◆ Data segment
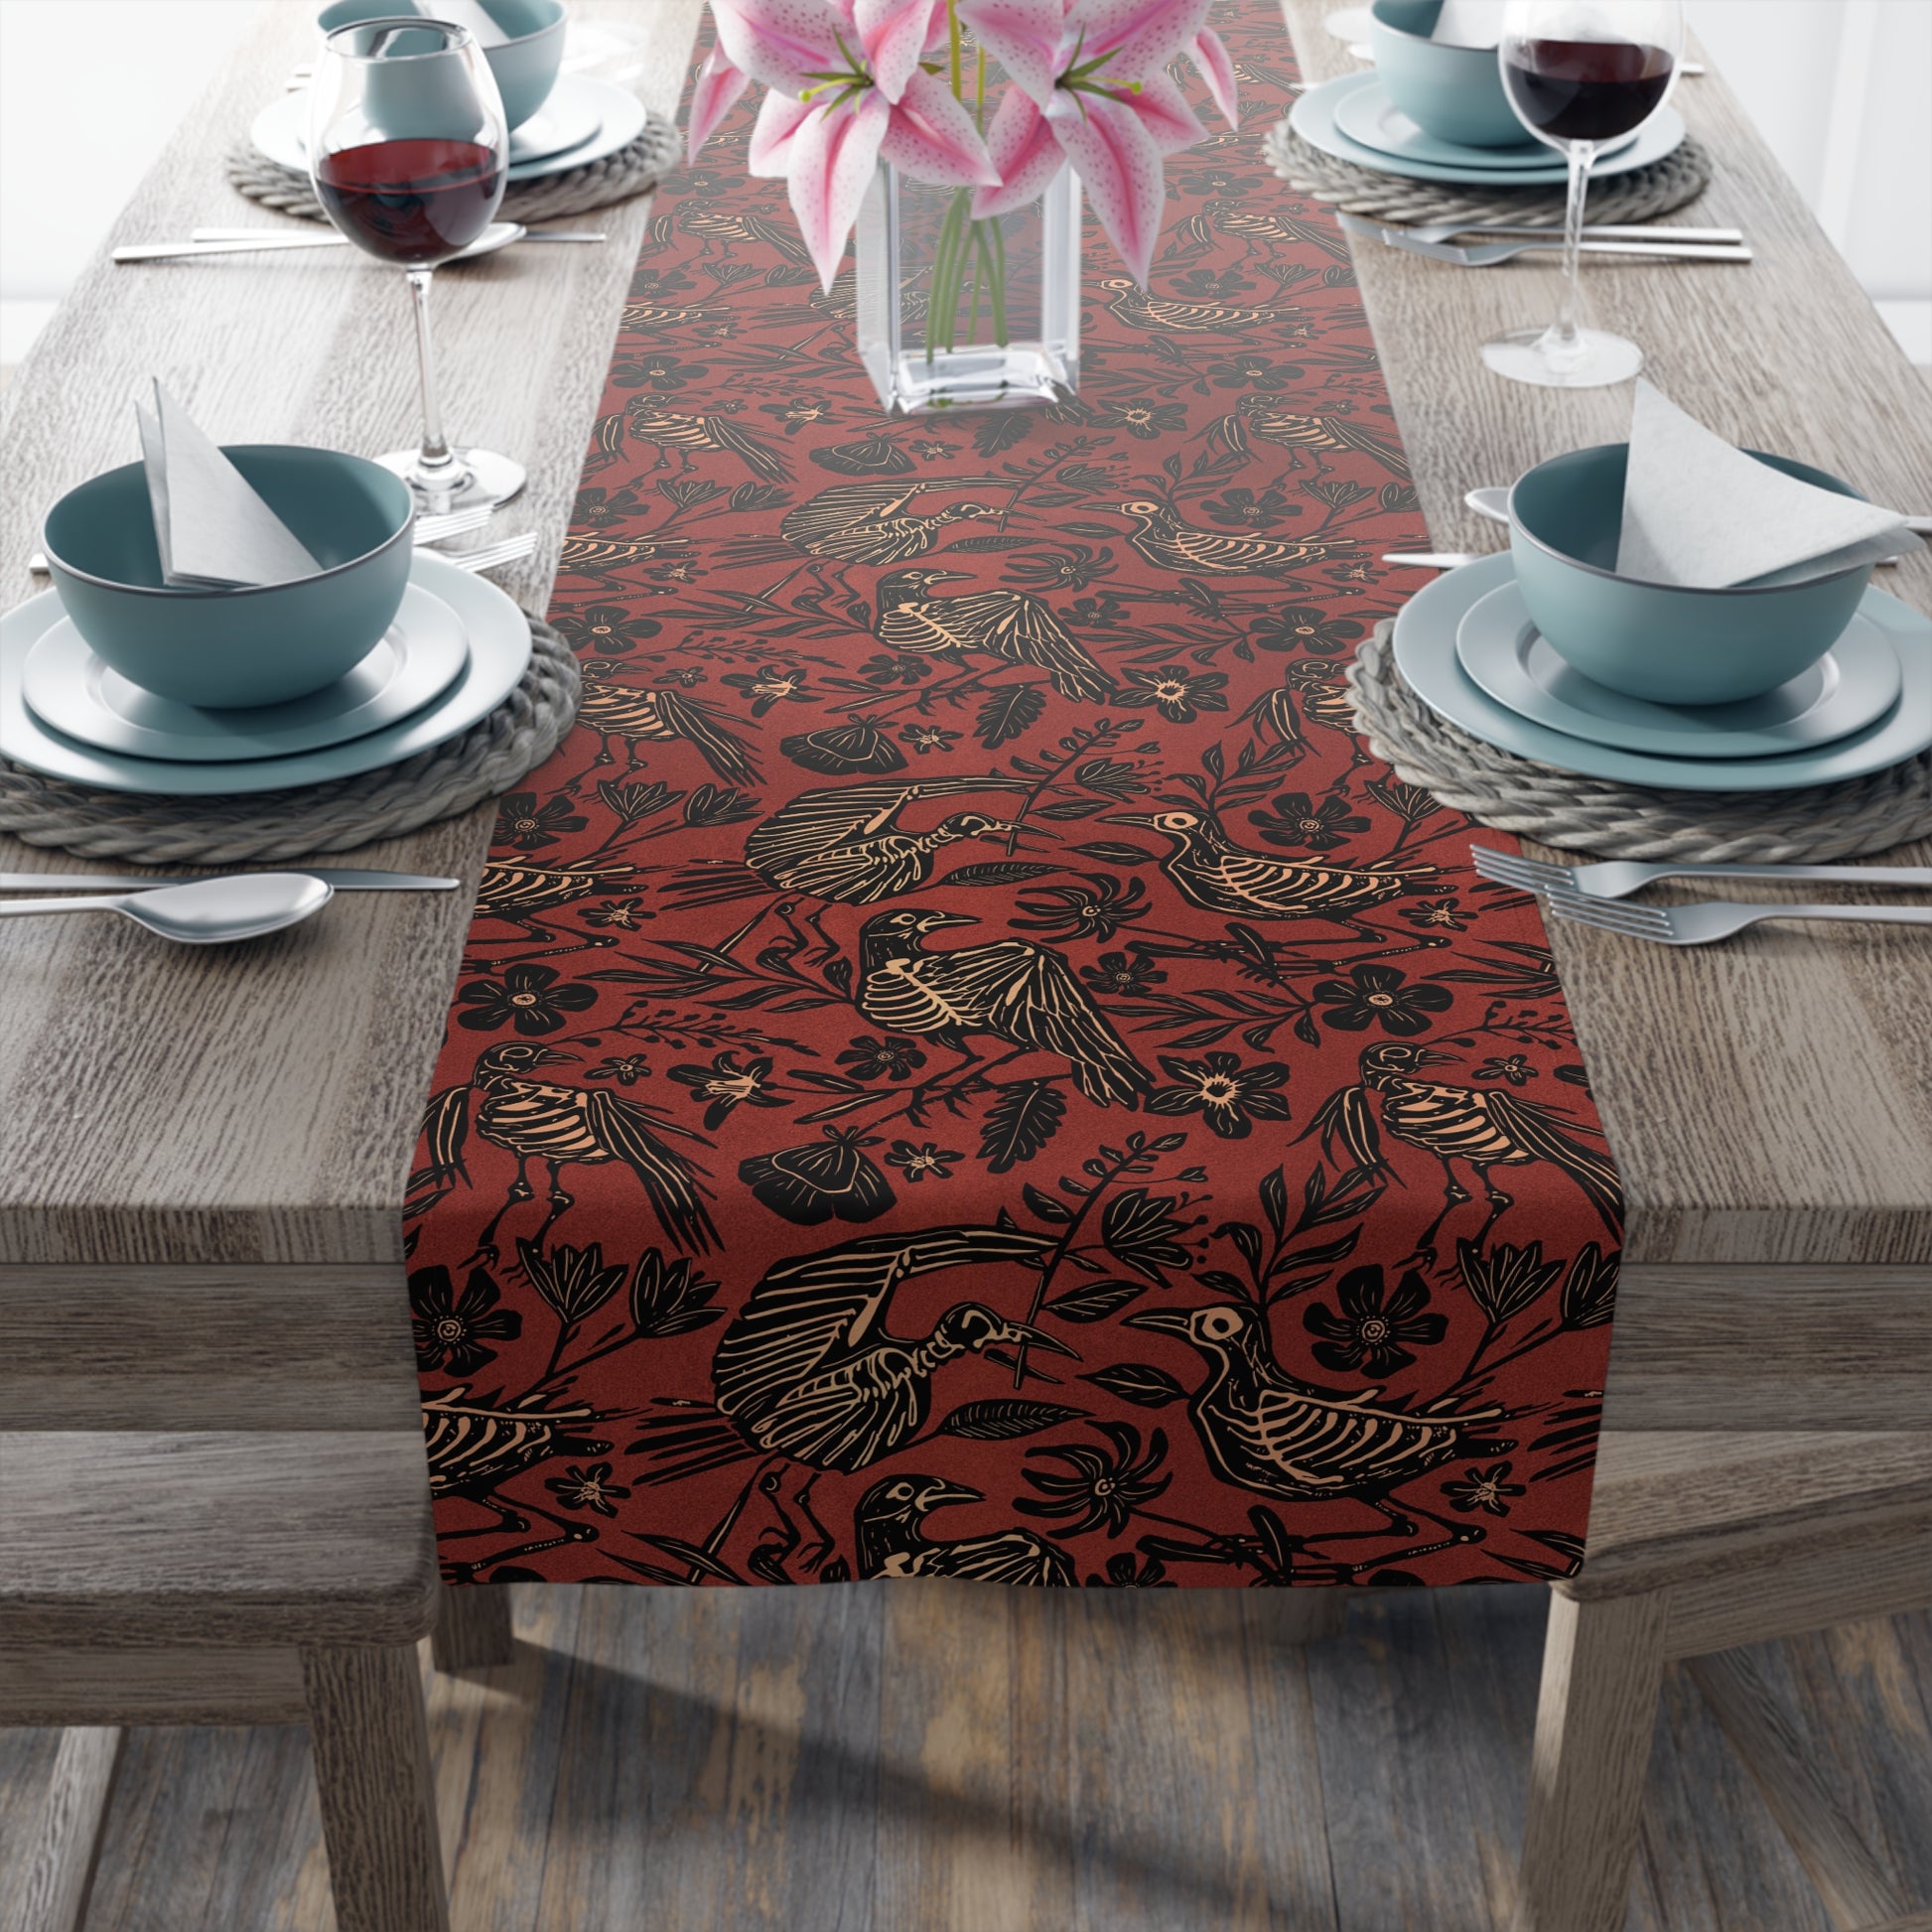 macabre autumn folk art floral bird skeleton table runner in rust red orange on an elegant table with ceramic dishes and a vase of lillies
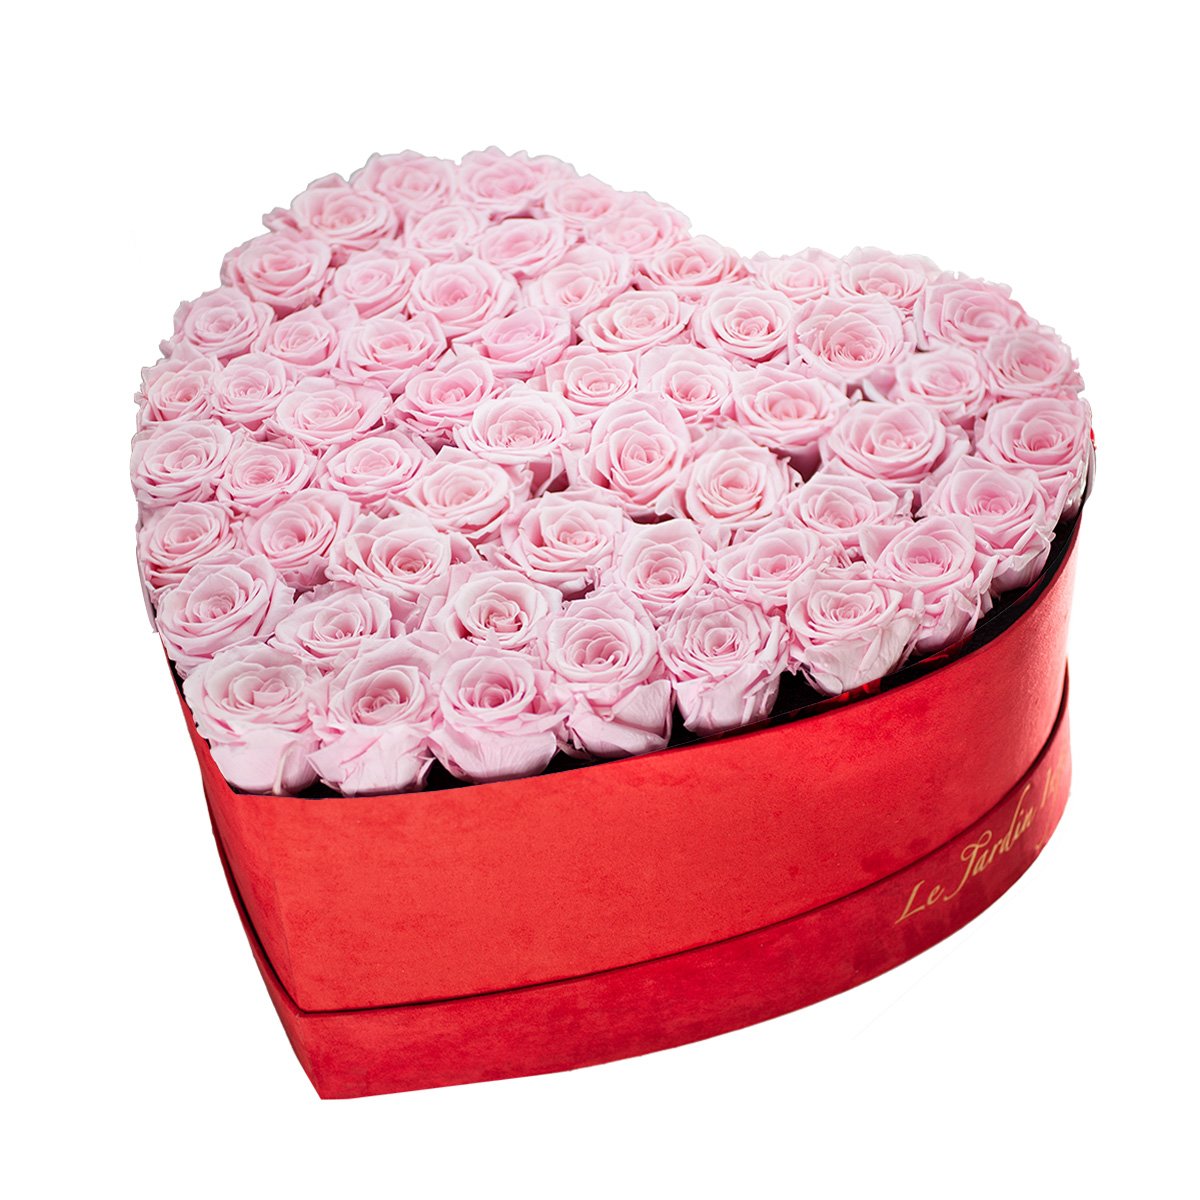 55-65 Soft Pink Preserved Roses in A Heart Shaped Box - Medium Heart
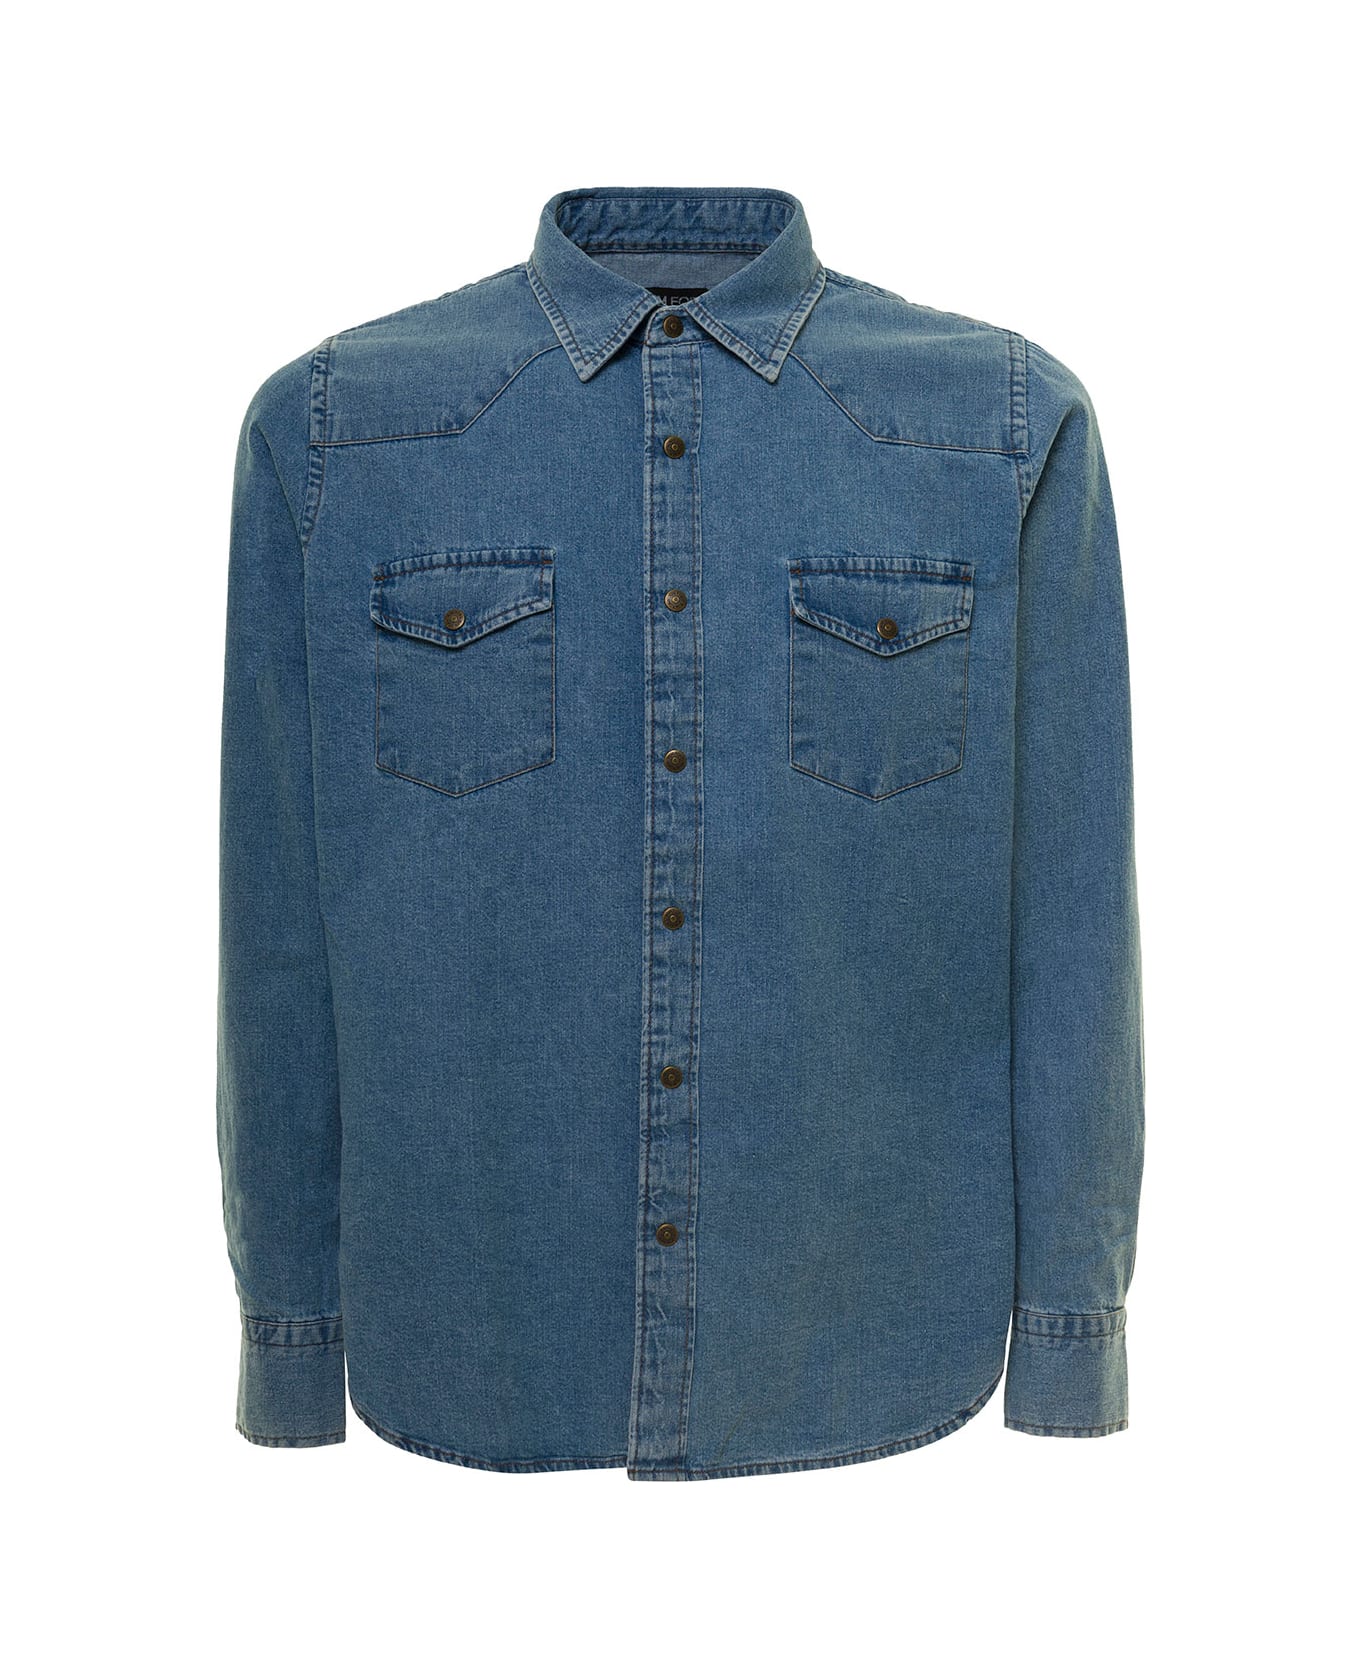 Tom Ford Blue Denim Shirt With Patch Pockets In Cotton Man - Blu

◆ To do
Your response should reproduce the entire listing verbatim, minus the pictures.

◆ Reply
 macabre autumn folk art floral bird skeleton table runner in rust red orange on an elegant table with ceramic dishes and a vase of lillies
 55-65 Soft Pink Preserved Roses in A Heart Shaped Box - Medium Heart
 Tom Ford Blue Denim Shirt With Patch Pockets In Cotton Man - Blu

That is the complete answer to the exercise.